◆ Required work ◆
Retrieve each line that contains the word "gold" from the entries below.

◆ Provided data ◆

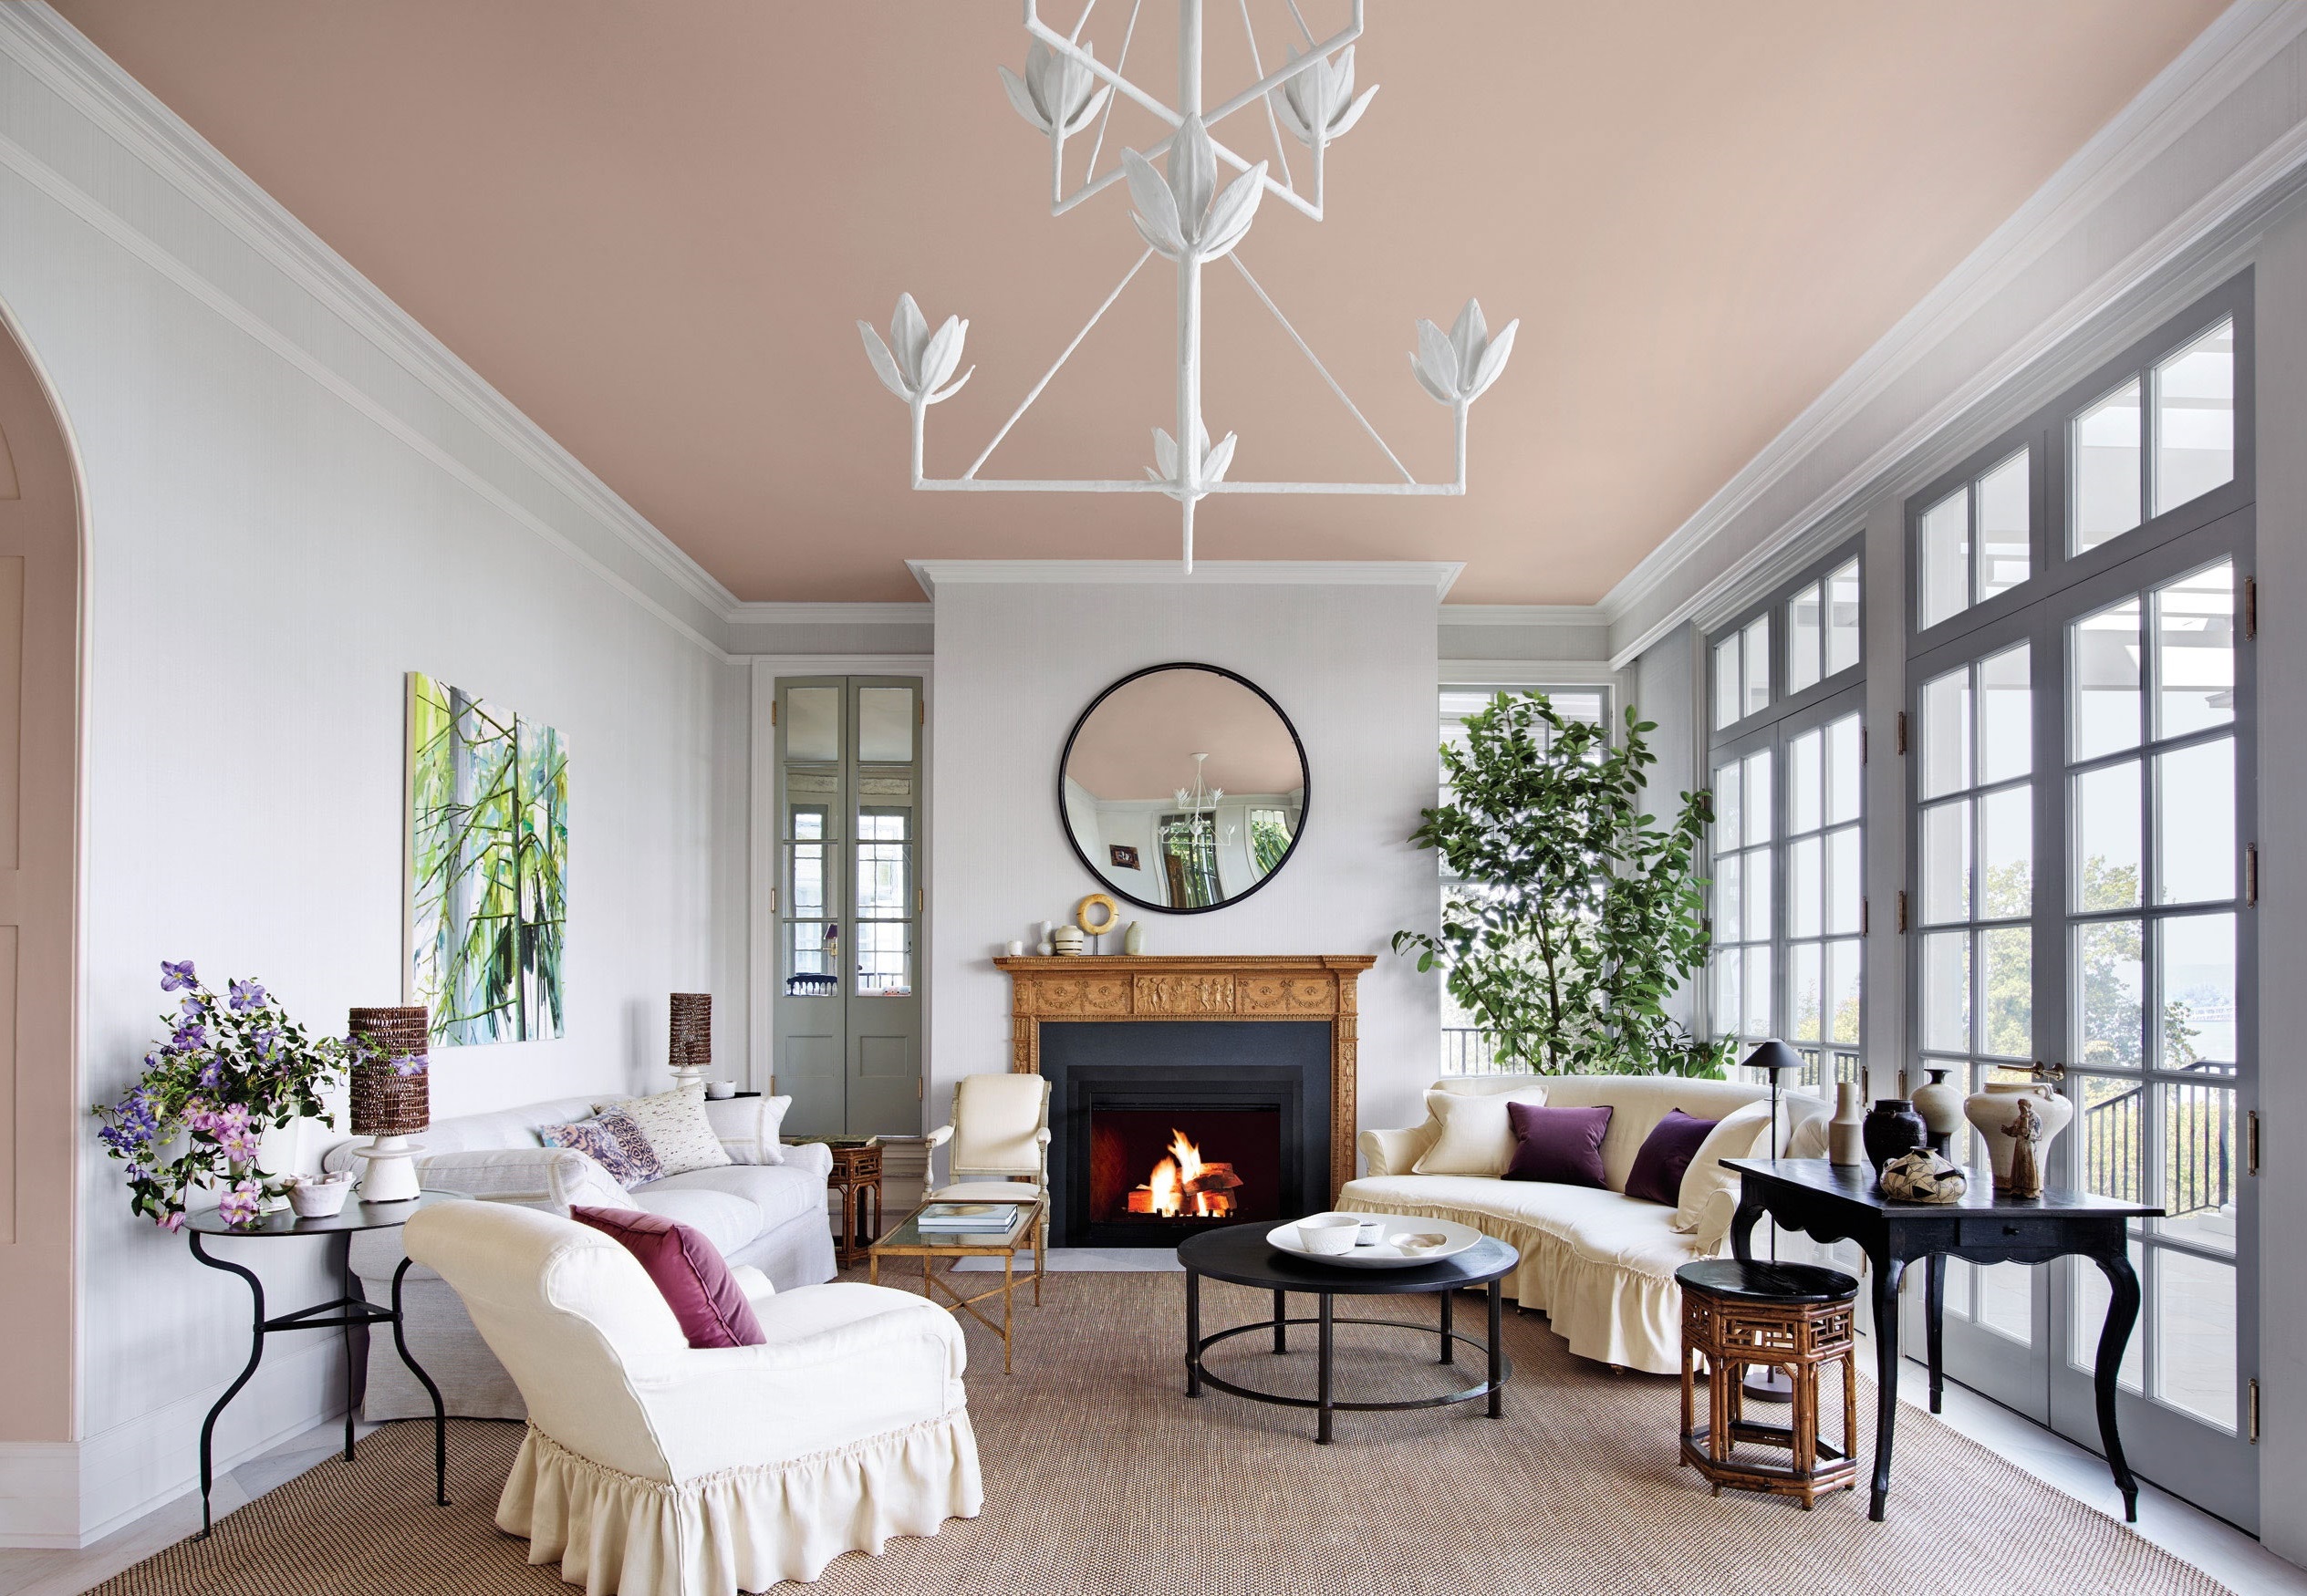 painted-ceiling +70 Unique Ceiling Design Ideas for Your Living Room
* * *
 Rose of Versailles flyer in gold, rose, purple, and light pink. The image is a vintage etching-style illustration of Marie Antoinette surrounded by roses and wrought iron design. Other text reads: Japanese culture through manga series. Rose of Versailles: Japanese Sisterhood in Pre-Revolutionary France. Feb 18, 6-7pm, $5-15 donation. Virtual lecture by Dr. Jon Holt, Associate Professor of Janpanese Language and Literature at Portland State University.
--
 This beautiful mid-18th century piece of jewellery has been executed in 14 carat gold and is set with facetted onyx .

◆ Worked solution ◆
 Rose of Versailles flyer in gold, rose, purple, and light pink. The image is a vintage etching-style illustration of Marie Antoinette surrounded by roses and wrought iron design. Other text reads: Japanese culture through manga series. Rose of Versailles: Japanese Sisterhood in Pre-Revolutionary France. Feb 18, 6-7pm, $5-15 donation. Virtual lecture by Dr. Jon Holt, Associate Professor of Janpanese Language and Literature at Portland State University.
 This beautiful mid-18th century piece of jewellery has been executed in 14 carat gold and is set with facetted onyx .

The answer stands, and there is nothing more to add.